● **WHAT THE TASK ASKS**
With the material below, print exactly the lines between the line holding "Map Of Southwest" and the line holding "North American Harvards", inclusive. Add nothing else.

● **INPUT**

== Segment start ==

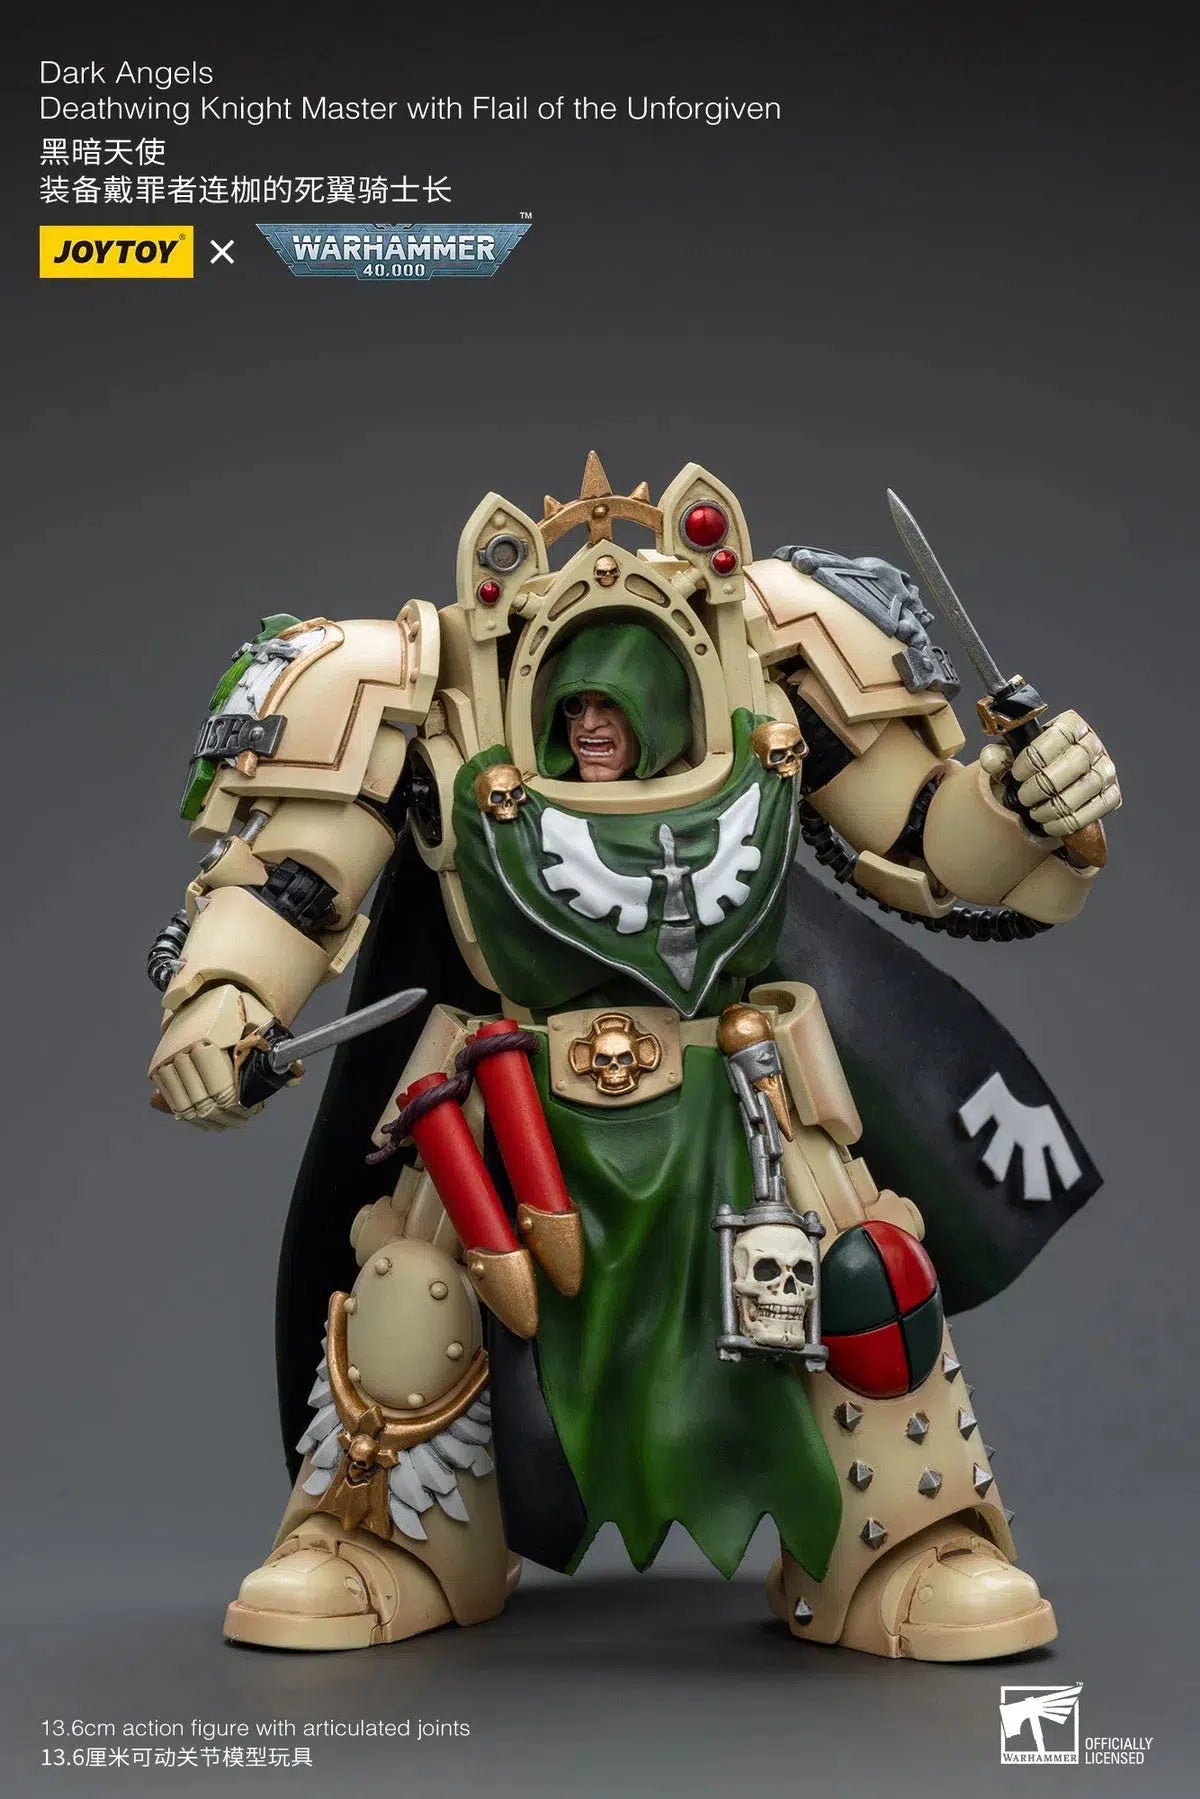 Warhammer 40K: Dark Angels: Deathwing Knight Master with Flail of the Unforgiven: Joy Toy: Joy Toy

== Segment end ==
== Segment start ==

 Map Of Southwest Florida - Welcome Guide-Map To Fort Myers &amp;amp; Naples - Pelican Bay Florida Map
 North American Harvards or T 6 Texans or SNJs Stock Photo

== Segment end ==

● **SOLVED PROBLEM**
 Map Of Southwest Florida - Welcome Guide-Map To Fort Myers &amp;amp; Naples - Pelican Bay Florida Map
 North American Harvards or T 6 Texans or SNJs Stock Photo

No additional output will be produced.